3. 前記抗体が、キメラ抗体、ヒト化抗体、またはヒト抗体である、請求項１又は２に記載の抗体。
4. 前記抗体が、全長のモノクローナル抗体、その抗原結合部位を含む抗体フラグメント、または、その抗原結合部位を含む融合タンパク質である、請求項１〜３のいずれか一項に記載の抗体。
5. 大腸菌感染症の危険性がある対象、または、大腸菌感染症に罹患している対象を処置することにおける使用で、前記対象における前記感染症を制限するために、前記感染症から生じる疾患状態を改善するために、または、腎盂腎炎、二次的菌血症、敗血症、腹膜炎、髄膜炎および人工呼吸器関連肺炎の処置または予防のために、効果的な量の前記抗体を前記対象に投与することを含む使用のための、請求項１〜４のいずれかに記載の抗体。
6. 請求項１〜４のいずれかに記載の抗体を含み、非経口用配合物または粘膜用配合物を含み、場合により医薬的に許容されるキャリアまたは賦形剤を含有する医薬調製物。

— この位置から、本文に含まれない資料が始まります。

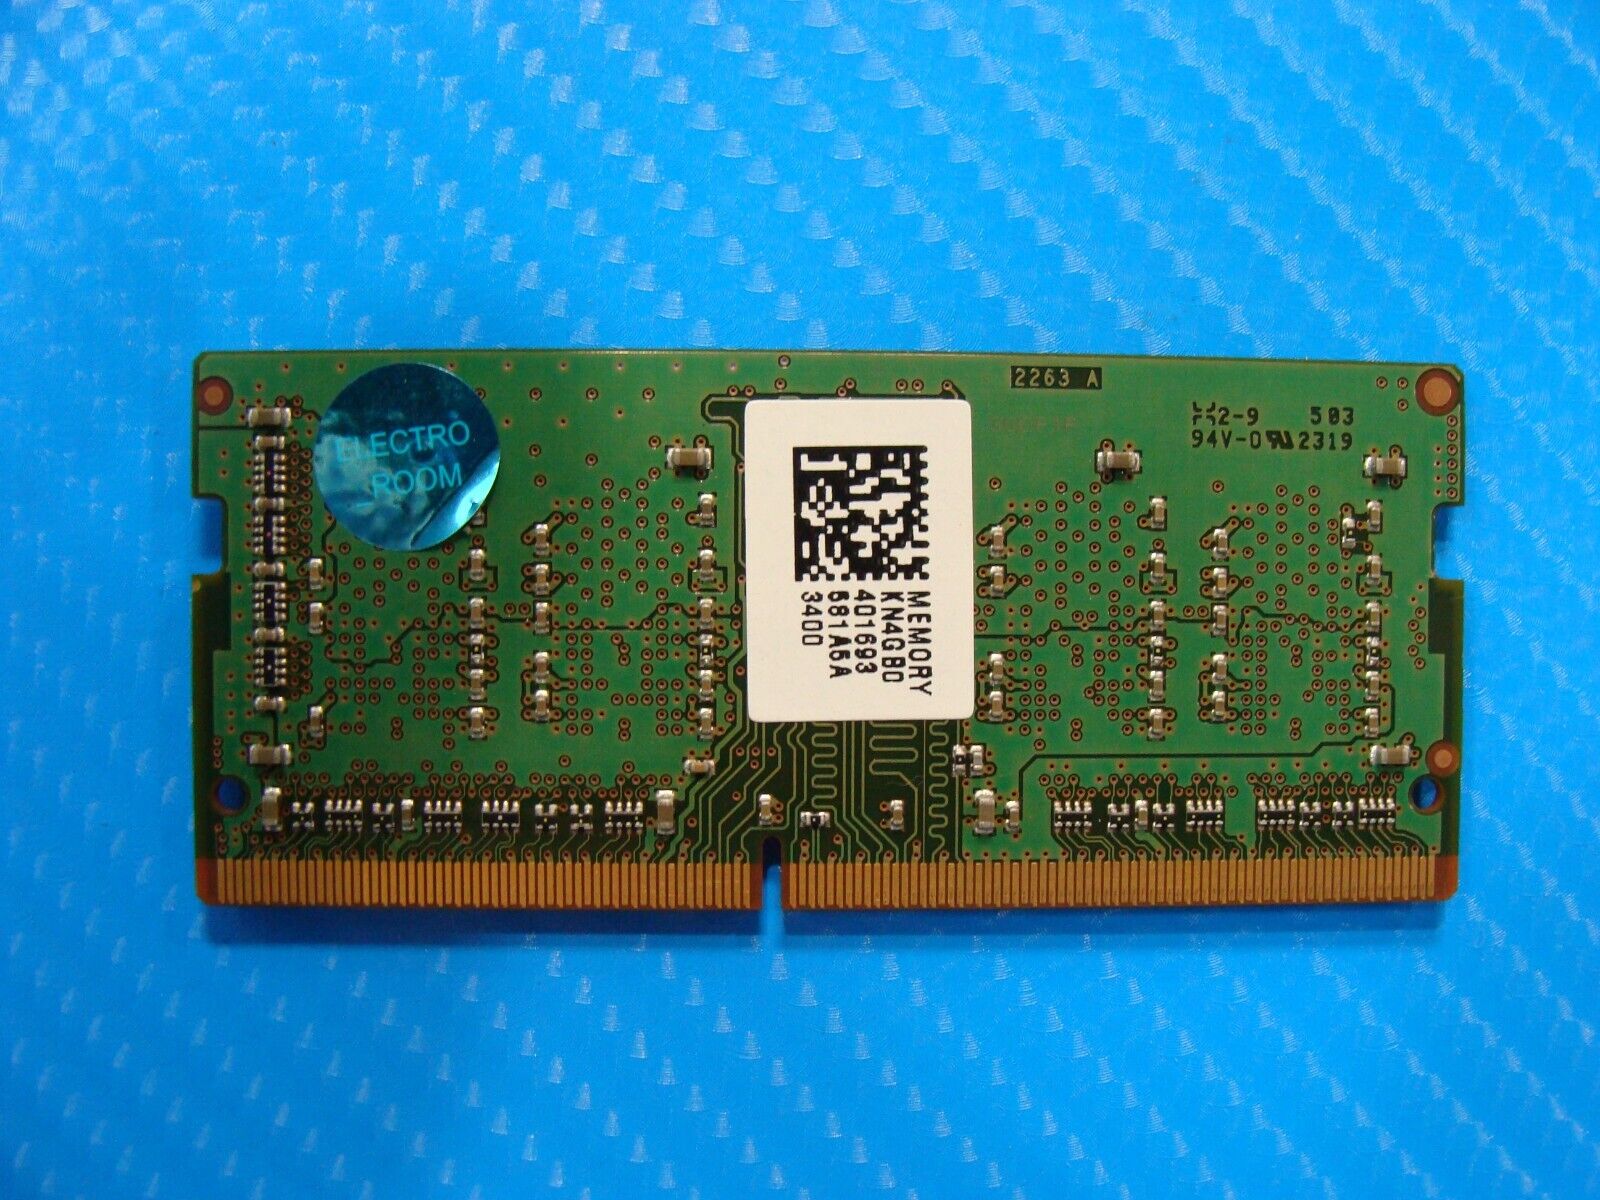 Acer A515-43-R19L Micron 4GB PC4-2666V Memory RAM SO-DIMM MTA4ATF51264HZ-2G6E1

7. 請求項１〜４のいずれかに記載の抗体の診断用調製物であって、前記抗体およびさらなる診断試薬を組成物または部分品のキットにおいて含み、下記の成分：
   ａ）前記抗体；および
   ｂ）前記さらなる診断試薬；
   ｃ）ならびに、必要な場合には、前記抗体および前記診断試薬の少なくとも１つを固定化するための固相
   を含む、診断用調製物。
8. 大腸菌菌株によって引き起こされる対象における大腸菌感染症または大腸菌菌血症の診断用の情報を得る方法であって、
   ａ）請求項１〜４のいずれかに記載の抗体を提供すること、および
   ｂ）前記抗体が、試験される前記対象の生物学的サンプルにおけるＯ２５ｂ抗原と特異的に免疫反応するかを、凝集試験によって検出し、それにより、ＭＤＲ大腸菌の感染症または菌血症を診断用の情報を得ること
   を含む方法。
9. 請求項１〜４のいずれかに記載の抗体をコードする単離された核酸。
10. ａ）請求項１〜４のいずれかに記載の抗体のＶＨおよびＶＬ；あるいは
    ｂ）請求項１〜４のいずれかに記載の抗体の重鎖および軽鎖
    を発現させるためのコード配列を含む発現カセットまたはプラスミド。
11. 請求項１０に記載の発現カセットまたはプラスミドを含む宿主細胞。
12. 請求項１〜４のいずれかに記載の抗体を製造する方法であって、請求項１１に記載の宿主細胞が、前記抗体を産生させるための条件のもとで培養または維持される、方法。